Dallo spazio l’Antropocene, rappresentato dall’inquinamento luminoso notturno, brilla di una miriade di piccole luci espandendosi nel cosmo come in una sorta di estensione di sé che ha tutte le caratteristiche di un’impronta epocale, una traccia costituita da onde elettromagnetiche che irradiano dal nostro pianeta verso lo spazio cosmico.
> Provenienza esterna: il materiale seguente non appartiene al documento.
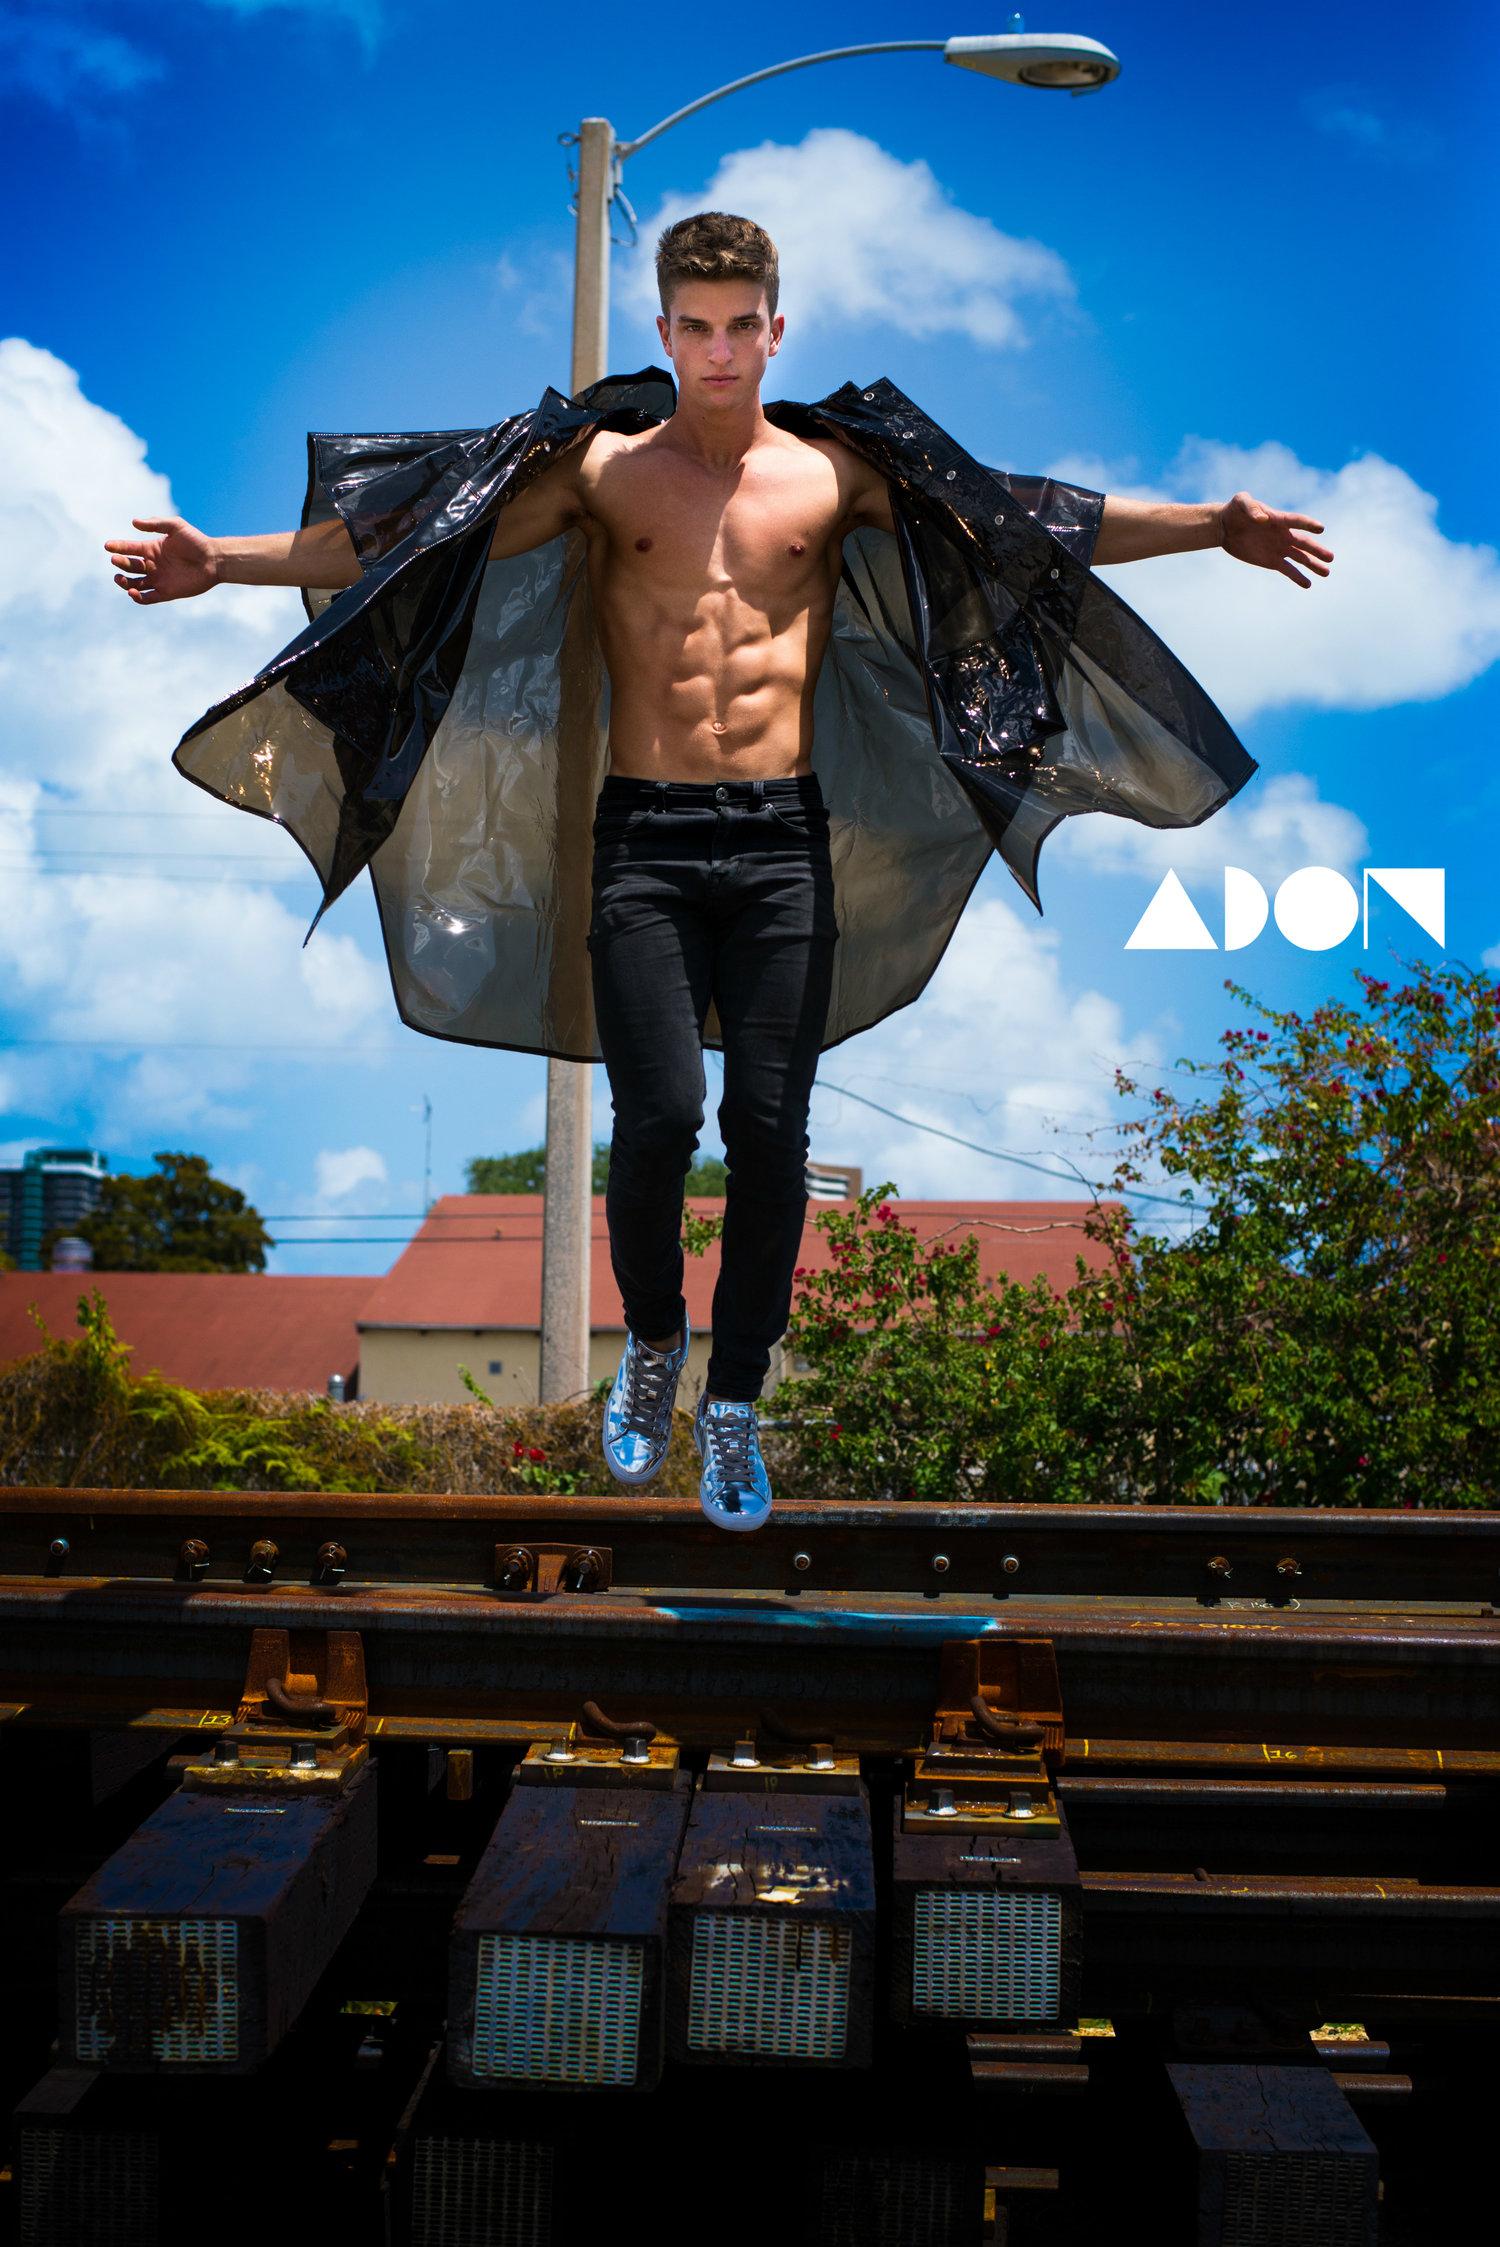 Adon Exclusive: Model Bruno Scafidi By Ivan Sanchez

Essendo la luce visibile null’altro che un intervallo di lunghezze d’onda nello spettro elettromagnetico, potremmo estendere la nostra indagine all’intera gamma di radiazioni antropogeniche
in viaggio attraverso lo spazio extrasolare per lo meno dall’epoca delle prime telecomunicazioni terrestri, nel XX secolo. Il concetto di fondo, tuttavia, non muterebbe: l’impronta umana si espande oltre i confini fisici del nostro pianeta in una sfera di segnali d’onda che possono e potranno essere captati e riconosciuti come marcatori dell’epoca dell’umanità potenzialmente fino al termine dell’evoluzione del nostro Sole.

Tre impronte, dunque. Tre indizi per il ‘caso’ Antropocene del quale siamo protagonisti dai molti volti: vittime e assassini, spettatori e complici. In tutti i casi, responsabilmente presenti. Una grande occasione per mettere a fuoco il nostro posto nel fluire della storia evolutiva osservando le orme dei nostri predecessori, consapevoli che le nostre tracce dovranno percorrere nuovi sentieri.